YOUNGER home buyers are driving the demand for waterside properties in Britain.

Many are actively looking to live near water within five years, new research has found.

The 2018 waterside survey from Strutt & Parker says that the popular perception that it’s mostly older retirees who aspire to live by the water for health and relaxation reasons is not correct.

It found that over a quarter, some 26 per cent, of under 35s are actively looking to live near water within five years.
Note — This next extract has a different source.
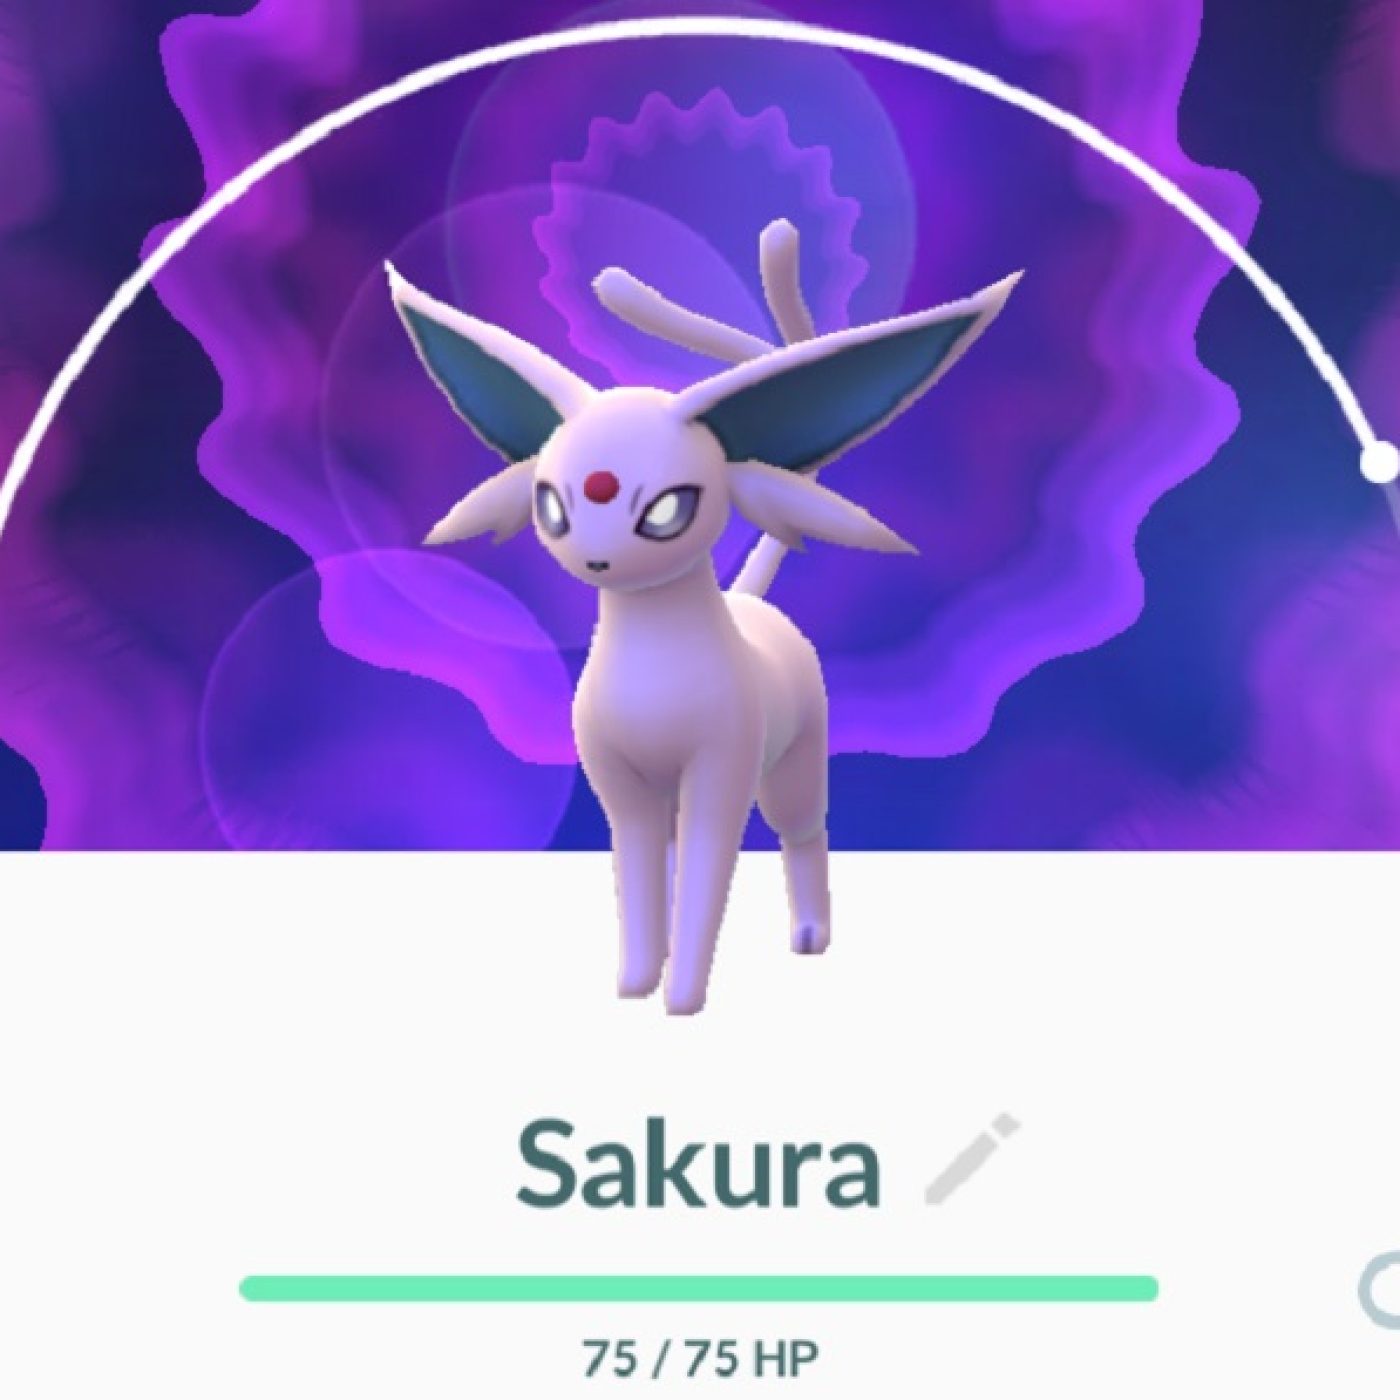 Where to find Eevee in Pokemon GO
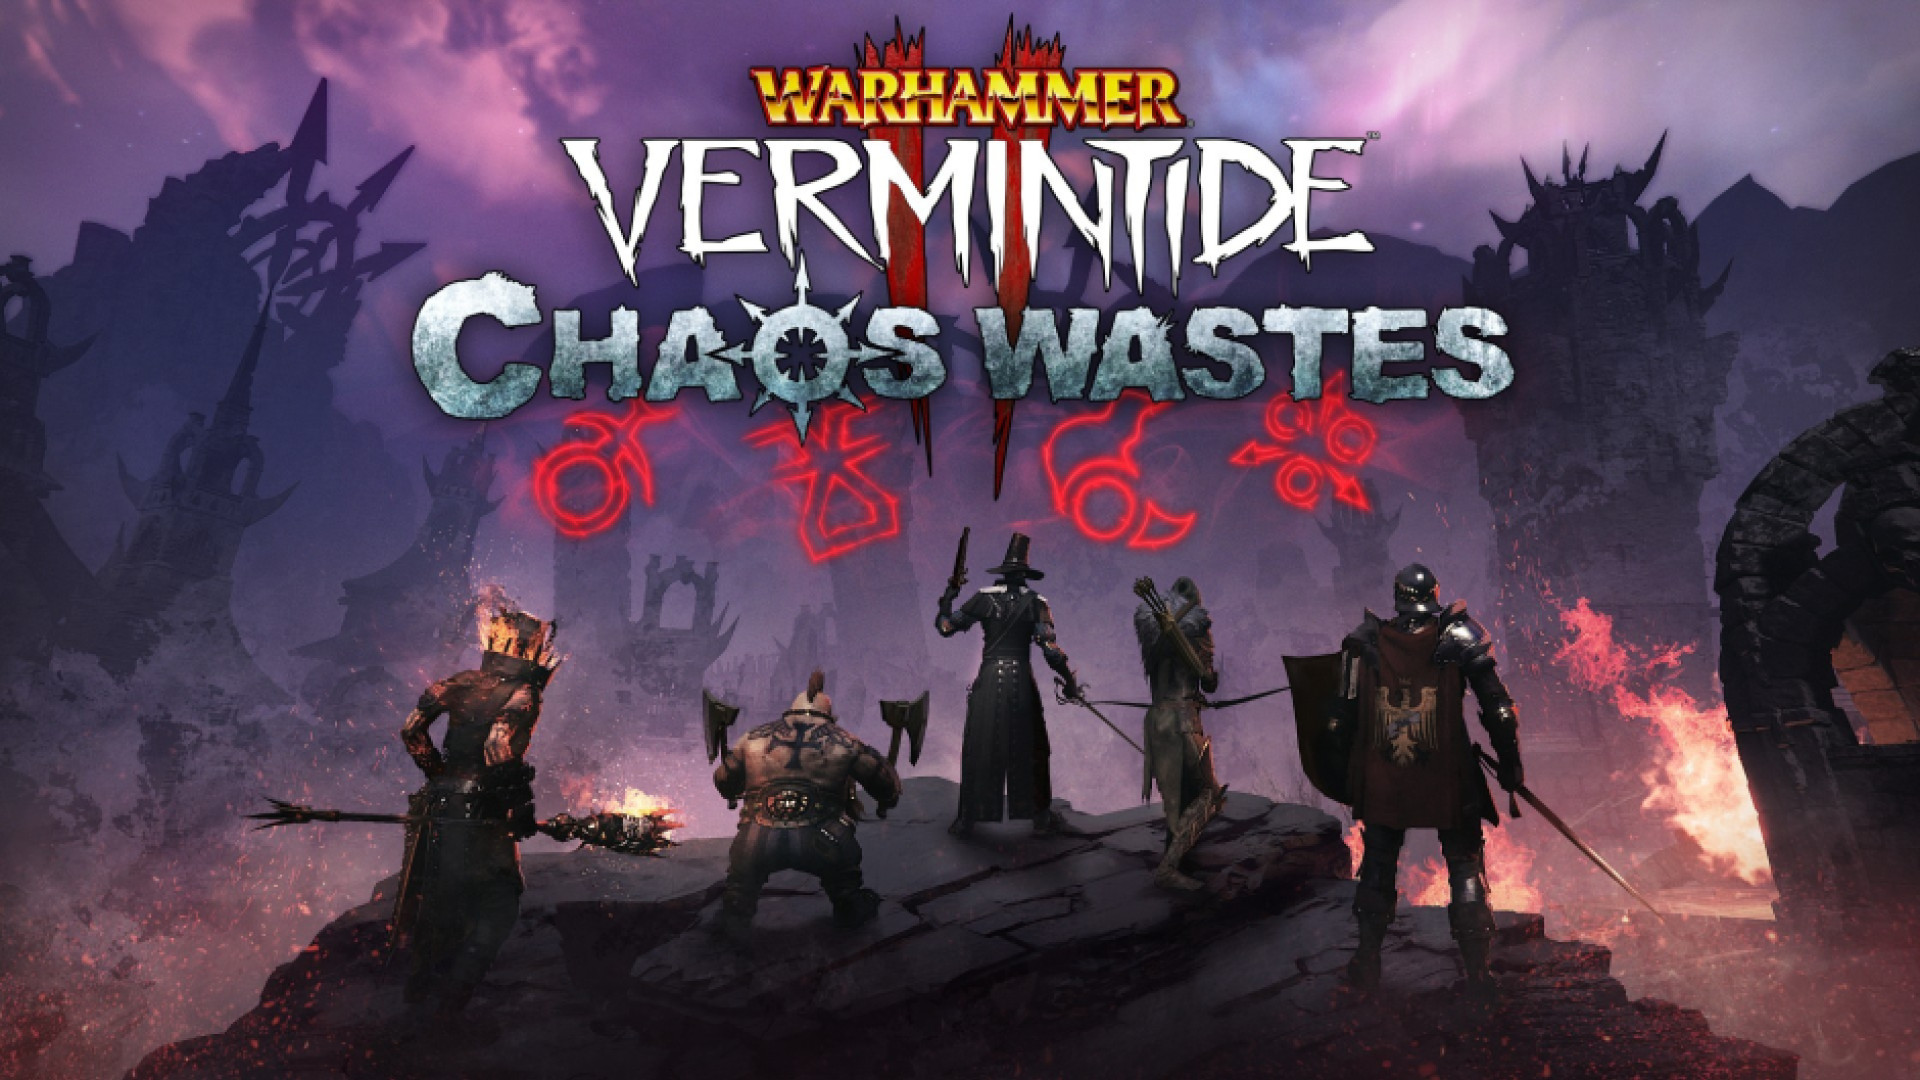 Vermintide 2 - Chaos Wastes

This compared to just 12 per cent of over 45s.

Although retirement is the life stage in which people are most likely to aspire to move to a waterside location, the survey also found that 21 per cent would like to move while children are young or still living at home and 10 per cent before having children.

The rise in flexible working is helping to facilitate the move to waterside living among young professionals, according to the research.

Among employed adults already living in waterside properties, 49 per cent work from home.

There was a jump in the number of people who wanted to make the move to the waterside in the nearer future, with 18 per cent saying they are actively looking to move close to water in the next five years.

This is up from 12 per cent in 2017.

Among under 45s who would like to live near water in the future, 33 per cent believe it’s very much obtainable and 40 per cent somewhat obtainable.

In comparison the majority of over 45s, some 56 per cent, say it is not obtainable.

Among those who live near the water, or would like to in the future, the preferred type of waterside to live near to is the seaside/coast at 52 per cent, followed by lakes/lochs at 17 per cent and rivers/estuaries at 13 per cent.

There has been an increase in those who desire to live near to docklands, at seven per cent compared to just one per cent in 2017.

This perhaps reflects the increasingly dynamic and aspirational nature of dockland regeneration areas such as those in London and Liverpool.